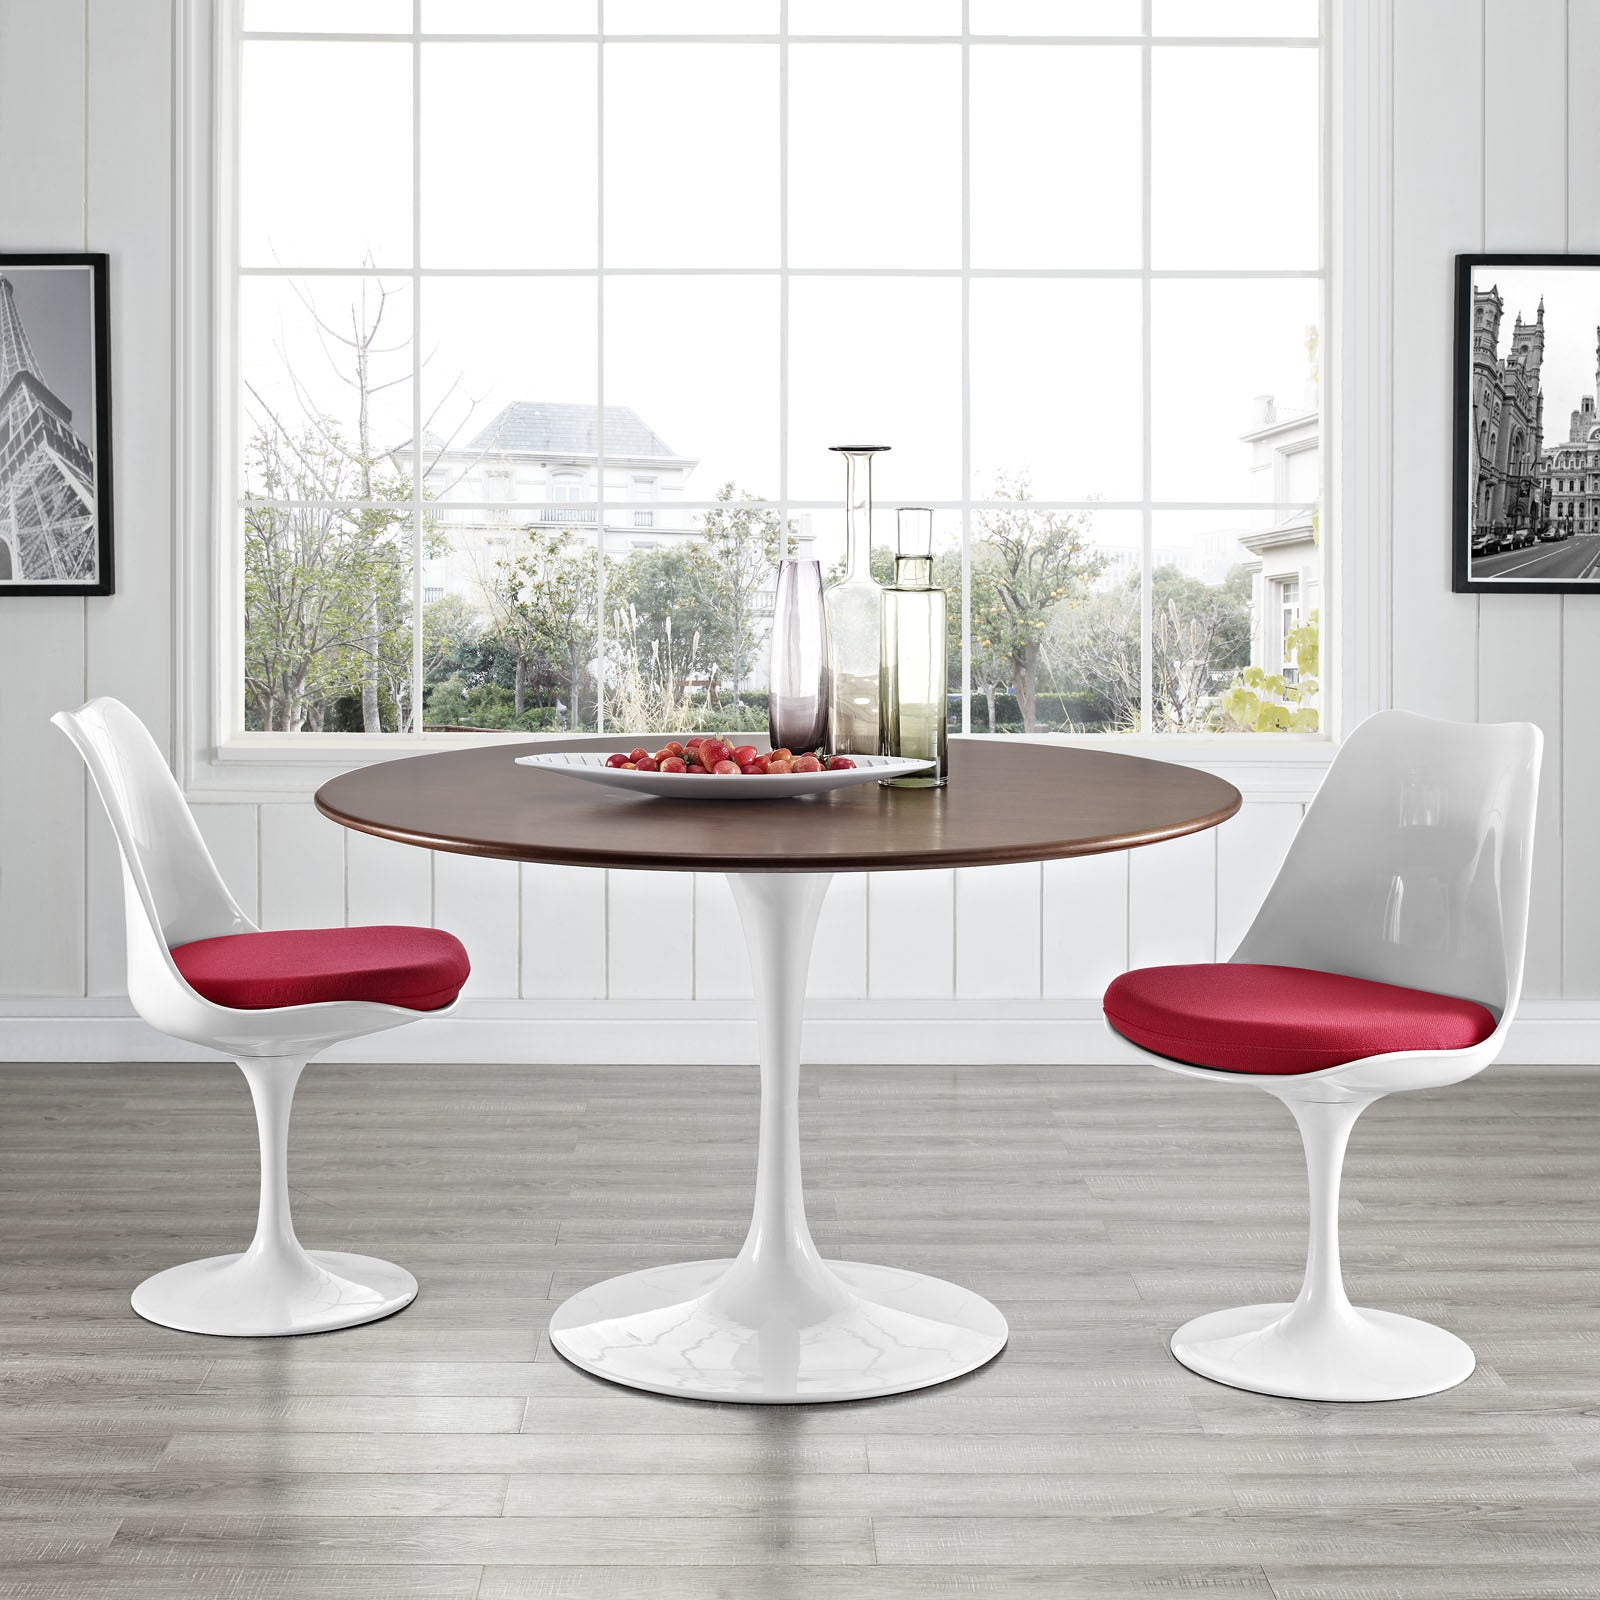 Creatice Saarinen Table for Large Space
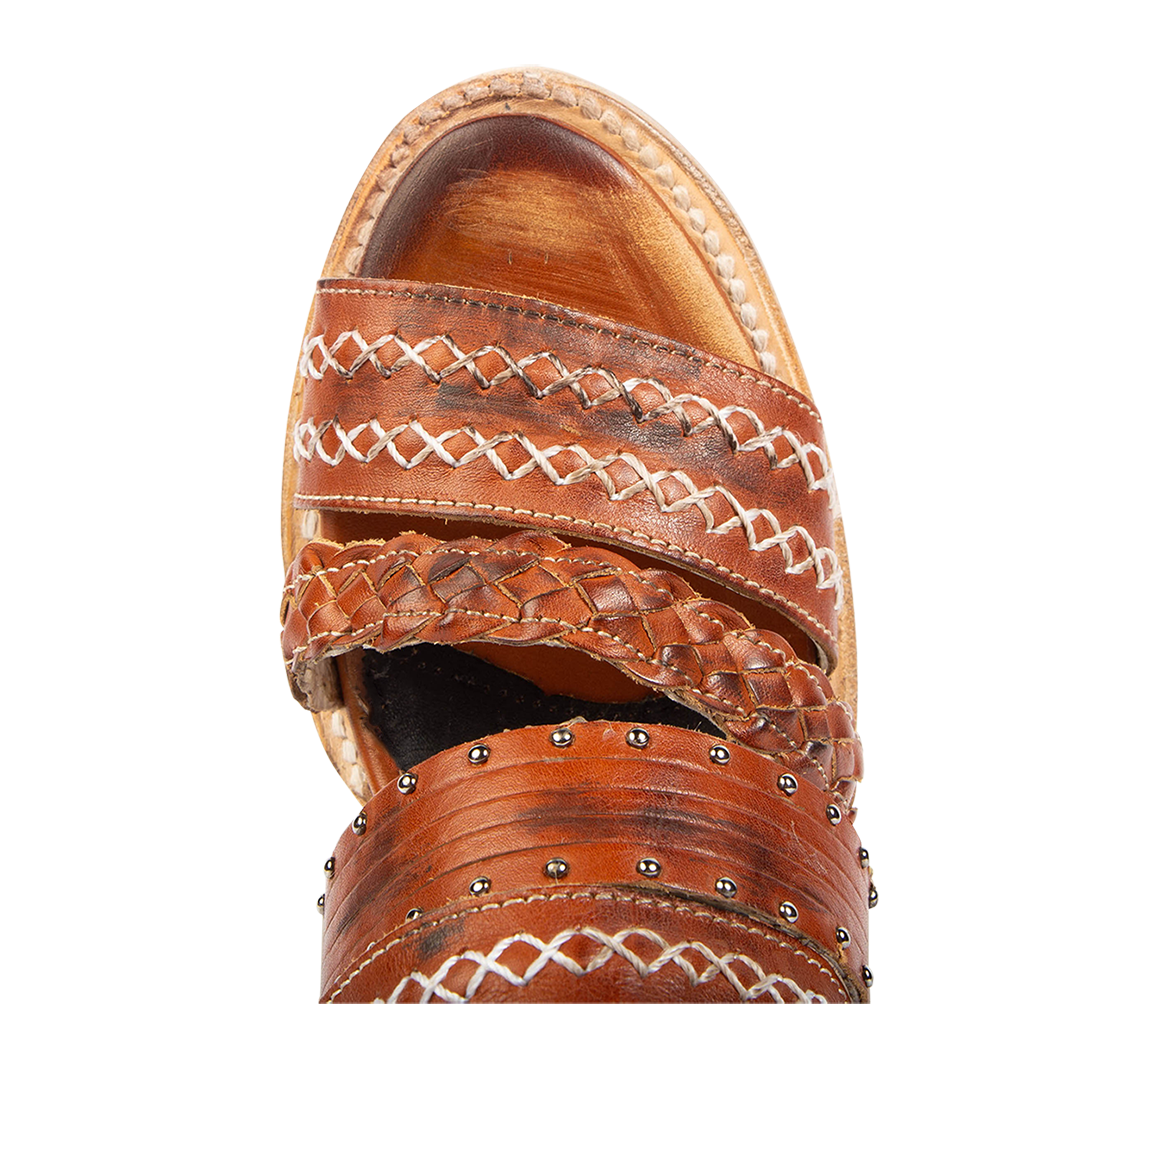 Top view showing braided and stitch detailed straps on FREEBIRD women's Albuquerque whiskey open-toe slip-on sandal
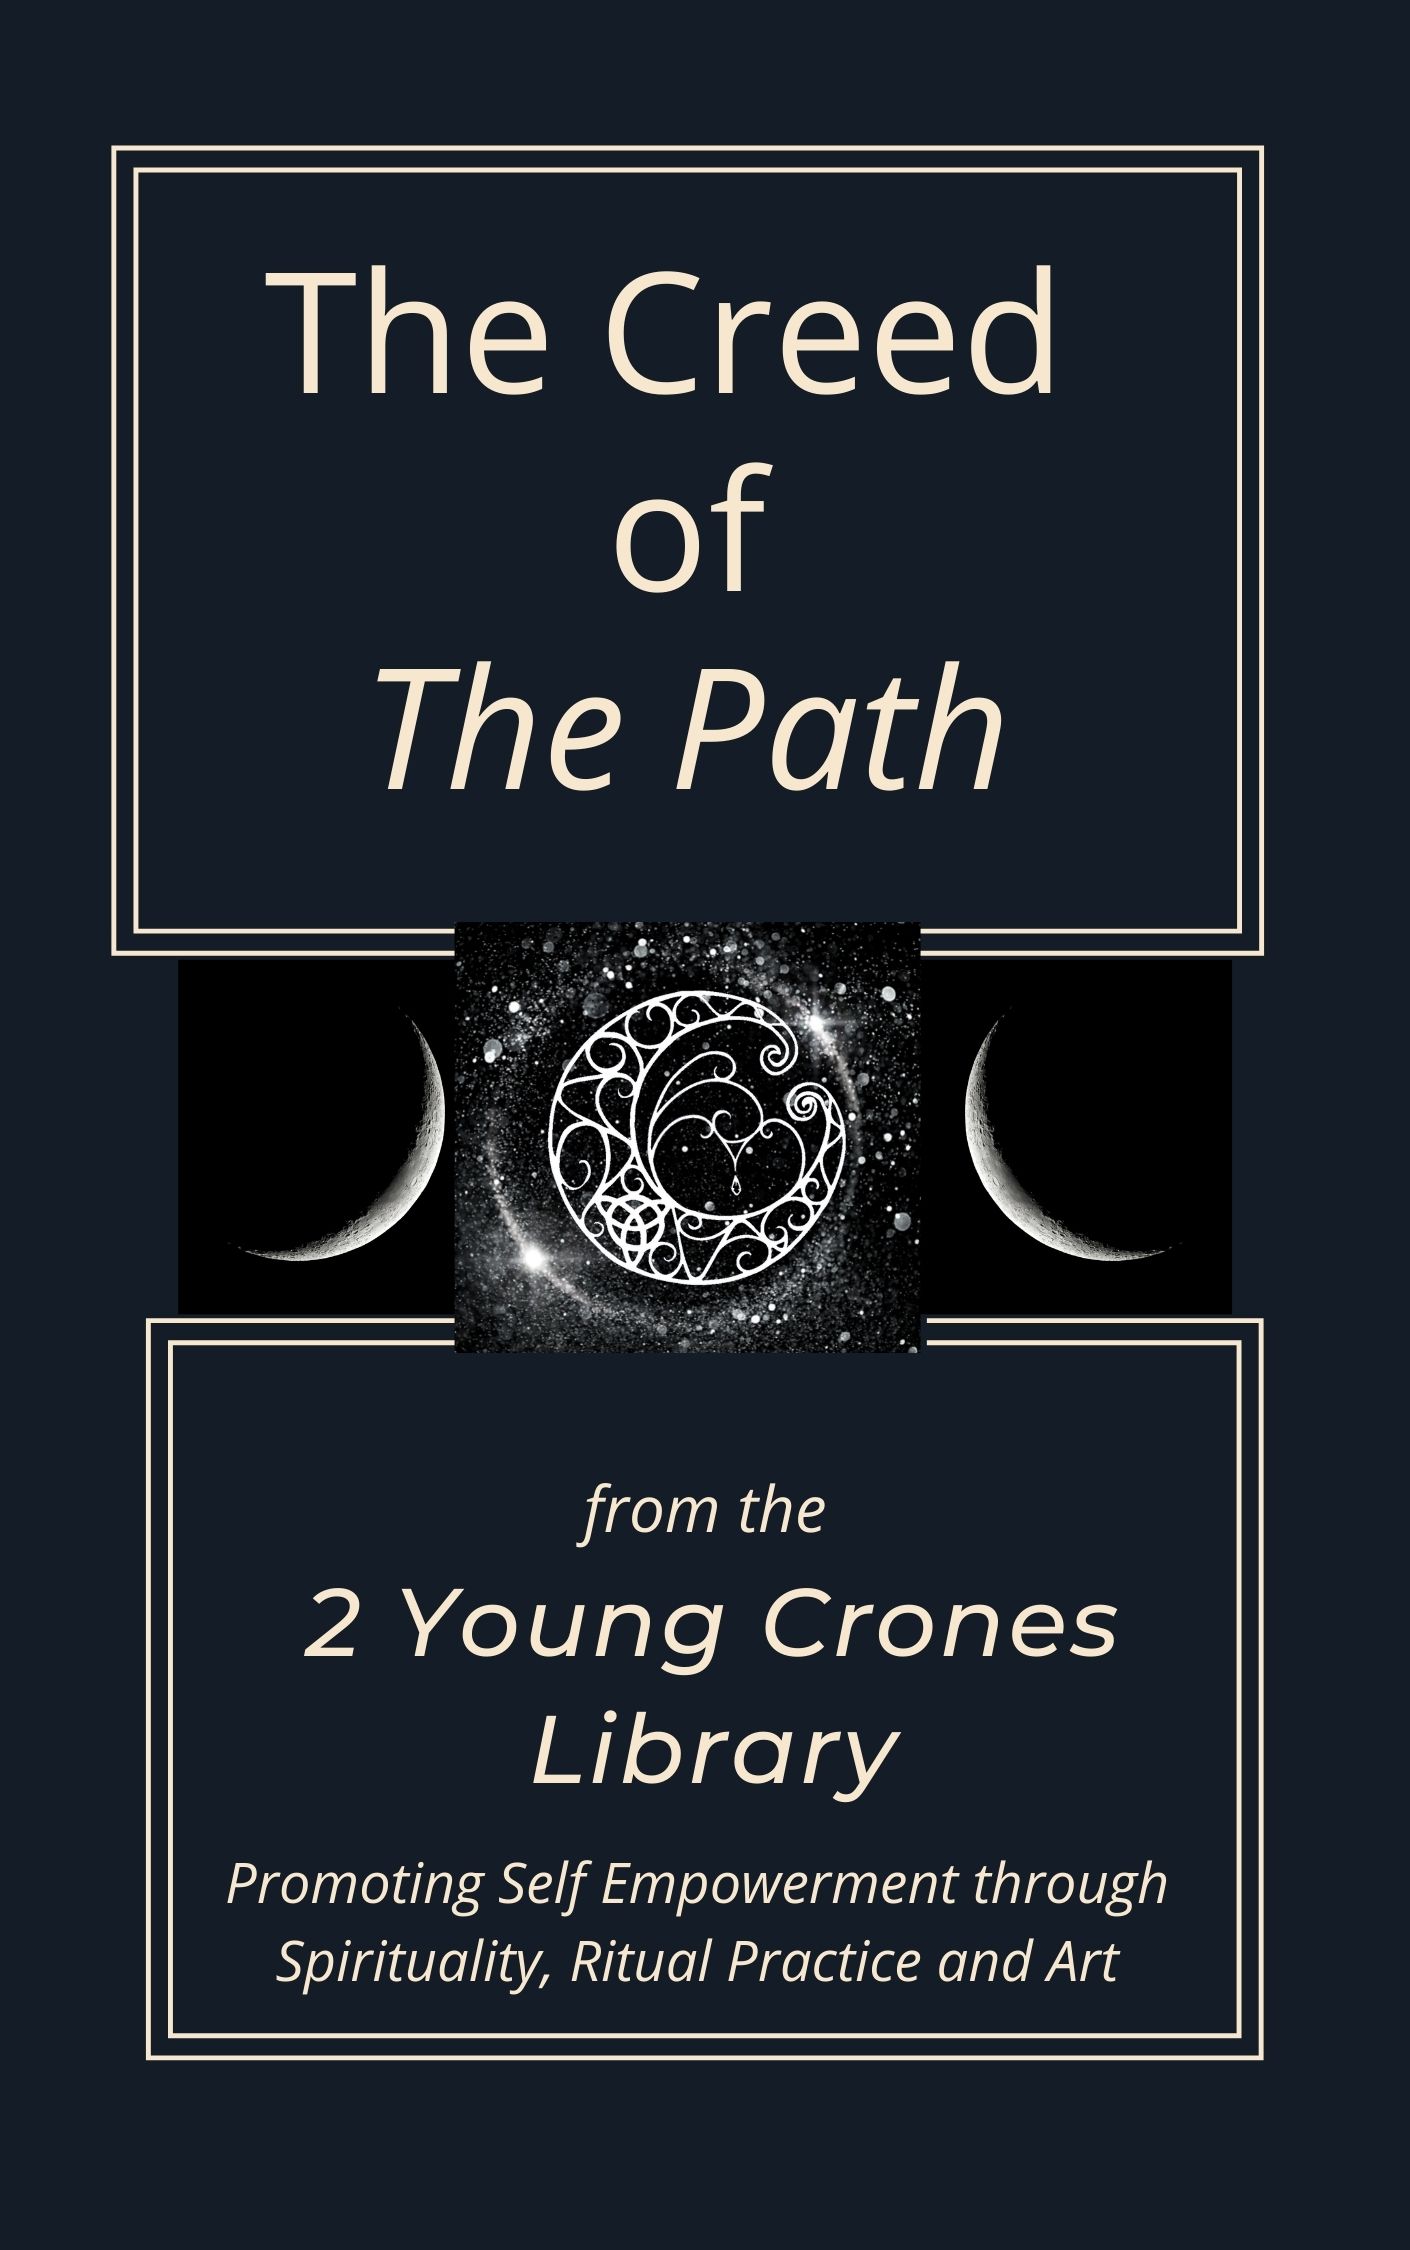 The Creed of the Path

### What to work on
With the pictures left out, transcribe the material exactly.

### Solution for this exercise
 Creatice Saarinen Table for Large Space
 Top view showing braided and stitch detailed straps on FREEBIRD women's Albuquerque whiskey open-toe slip-on sandal
 The Creed of the Path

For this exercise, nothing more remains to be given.